- Official poster
- Directed by: K. Krishnaraj
- Written by: Sailesh
- Produced by: Visheshwar P. Raghavendra Bhat
- Starring: Yogesh Akanksha
- Cinematography: Arvind S. Kashyap
- Music by: Midhun Mukundan
- Production company: Vrishank Movie Maker's
- Release date: 11 January 2019;
- Country: India
- Language: Kannada

= Lambodara (film) =

2019 Indian Kannada language film

Lambodara is a 2019 Indian Kannada-language romantic comedy directed by K Krishnaraj and starring Yogesh and Akanksha.

== Cast ==
- Yogesh as Lambodara
- Akanksha Gandhi as Nithya
- Dharmanna as Kedarnath
- Siddu Moolimani as Dubsmash Danny
- Achyuth Kumar as Lambodara's father
- Aruna Balraj as Lambodara's mother

==Production ==
K Krishnaraj worked as an assistant director for Kalaya Tasmai Namaha (2012). He worked on this film for two to three years.
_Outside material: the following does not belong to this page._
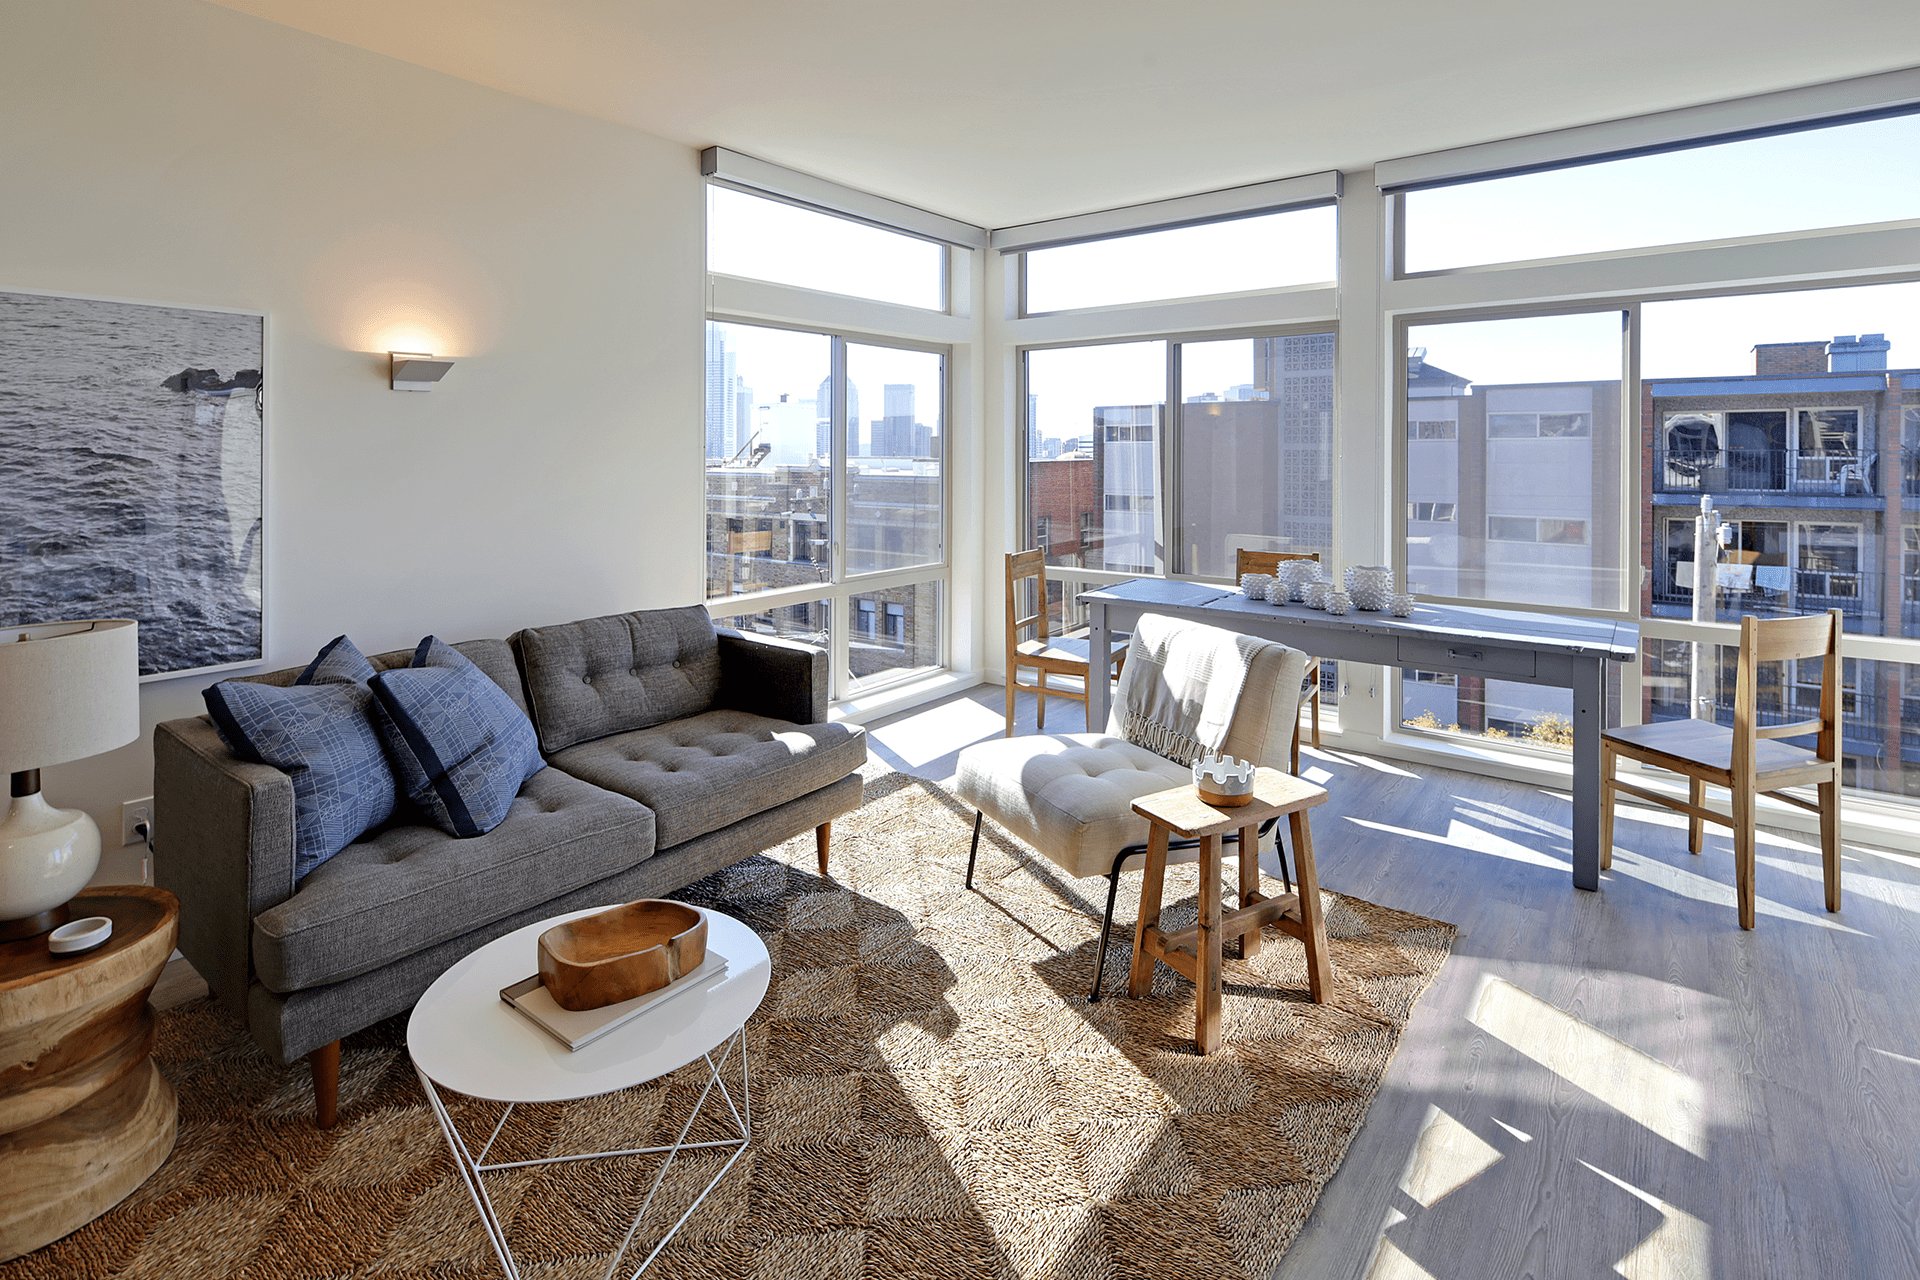 The interior of one of the units in the Lexicon Apartment building includes gray wood floors, a seating area, dining table, and large corner windows.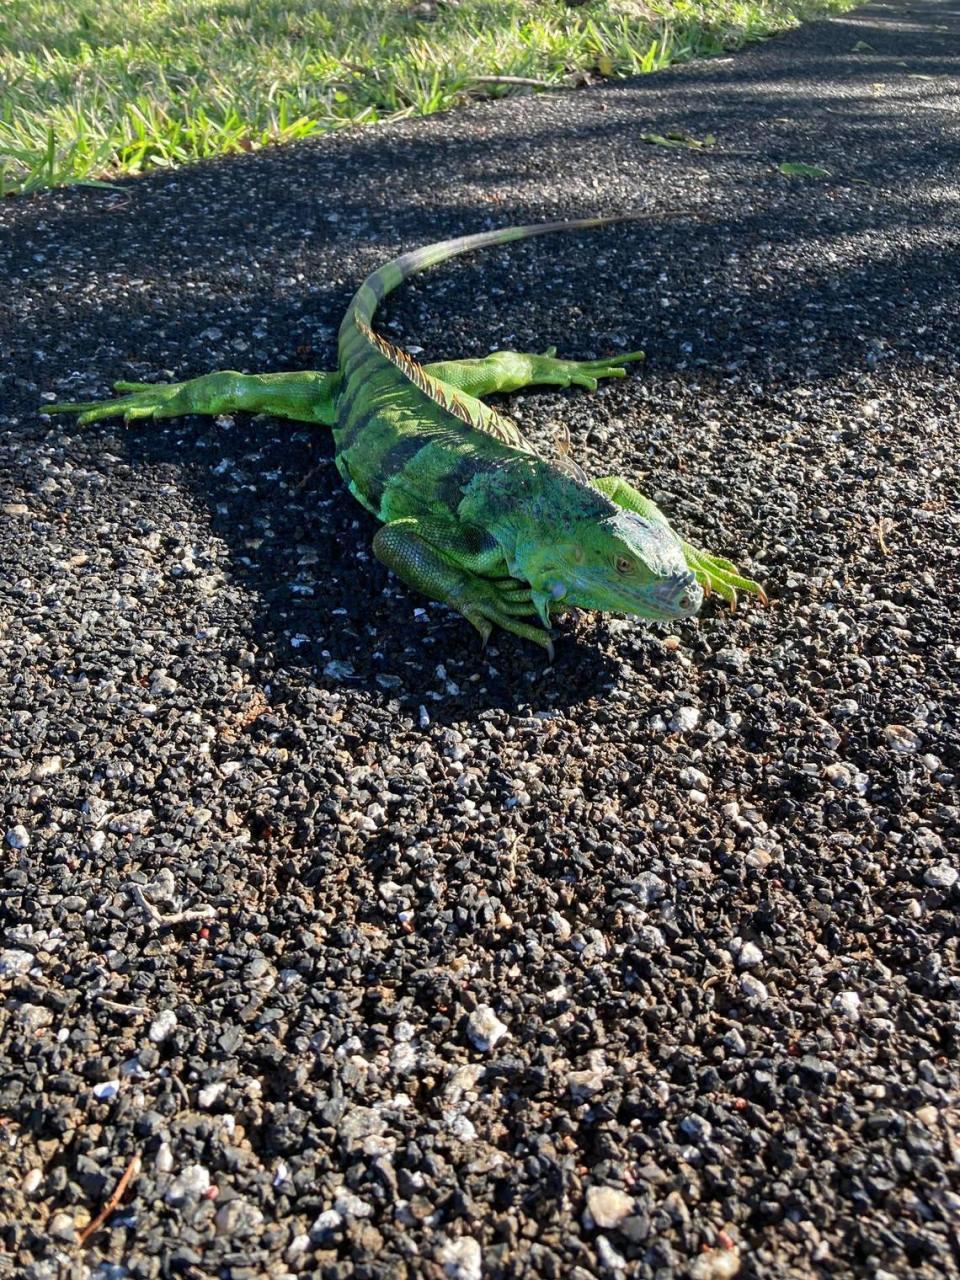 Diana Rush, a music teacher at the Frost School of Music at the University of Miami, found a cold-stunned iguana while on a run Wednesday morning on Shotgun Road in Broward.

Yogesh worked on the film for one-and-a-half years.

== Soundtrack ==
The music was composed by Karthik Sharma.
- "Kedi Ivanu" - Vaikom Vijayalakshmi
- "Geleya" (lyrics by Jayanth Kaikini)
- "Oh Manase Manase"

== Reception ==
A critic from The New Indian Express wrote that "Lambodara will just be added to the long list of films where he [Yogesh] fails to impress the audience". A critic from The News Minute opined that "Watch it if you can enjoy clichéd, lengthy films with a joke here and there". A critic from The Times of India stated that "Lambodara offers nothing much to keep you interested".